McVie, usually a reliable source of warm, tuneful pop, falters slightly. The title track opens the album with blaring horns—an uncharacteristic flourish that feels entirely out of place. Fleetwood Mac had dabbled in many styles, but brass sections were rarely part of their vocabulary, and with good reason. The track never quite recovers from the mismatch. Bad Loser, elsewhere on the record, is so steeped in Welch’s sonic mood that it’s easy to mistake it for his own until McVie’s unmistakable voice finally materializes.

And yet, buried in the muddle are glimpses of the band’s inherent strengths. Welch contributes Angel, a rare moment of clarity and structure—melodically assured, emotionally accessible, and almost refreshingly earthbound. It’s not a masterpiece, but it proves he could still write compelling songs when he chose to stay within orbit.

McVie also redeems herself with Come a Little Bit Closer, a sweeping, beautifully arranged ballad that easily sits alongside her best work from Mystery to Me. Its lush, confident arrangement is exactly the kind of song the album needed more of. Prove Your Love is less impressive, but still manages to rise above the general haze—pleasant, if not particularly memorable.

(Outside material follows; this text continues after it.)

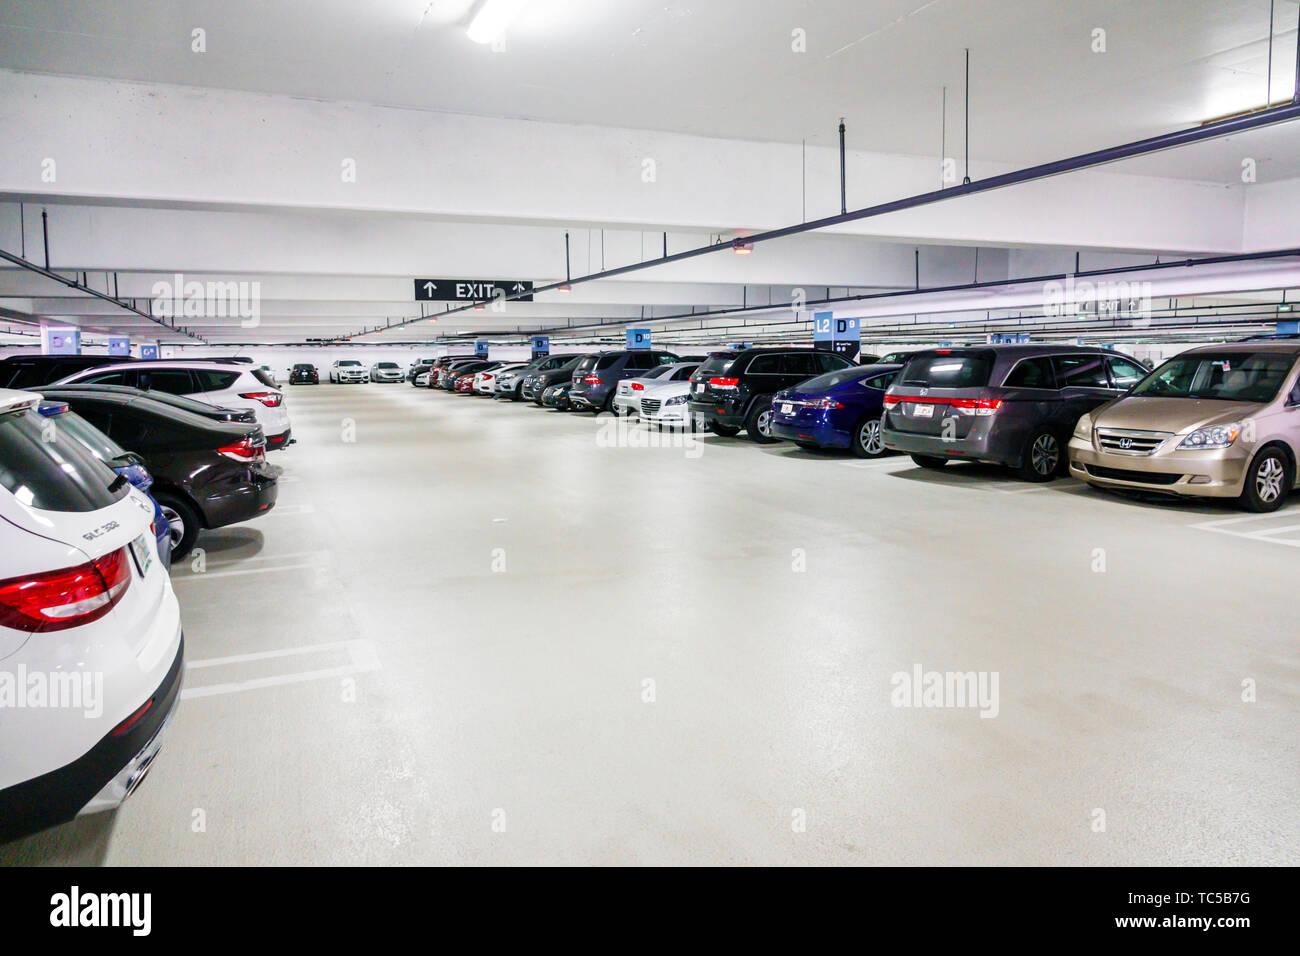 Miami Florida Midtown public parking garage interior parked cars vehicles exit sign - Stock Image

As a whole, Heroes Are Hard to Find feels like a band reaching the end of a chapter. The experimentation lacks the charm of previous efforts, and the cohesion of Bare Trees or Mystery to Me is sorely missed. Welch and McVie sound weary—not yet burned out, but clearly in need of reinvention. The songs aren’t poor so much as indistinct. One finishes the album with the sense that the band had ideas, but no longer the energy to fully realize them.

Of course, no one could have guessed what would happen next. Just a year later, a seismic shift would bring Lindsey Buckingham and Stevie Nicks into the fold, catapulting Fleetwood Mac into pop mythology. But Heroes Are Hard to Find marks the final breath of the transitional years—a curious, often meandering album that closes one of the band’s strangest and most exploratory chapters.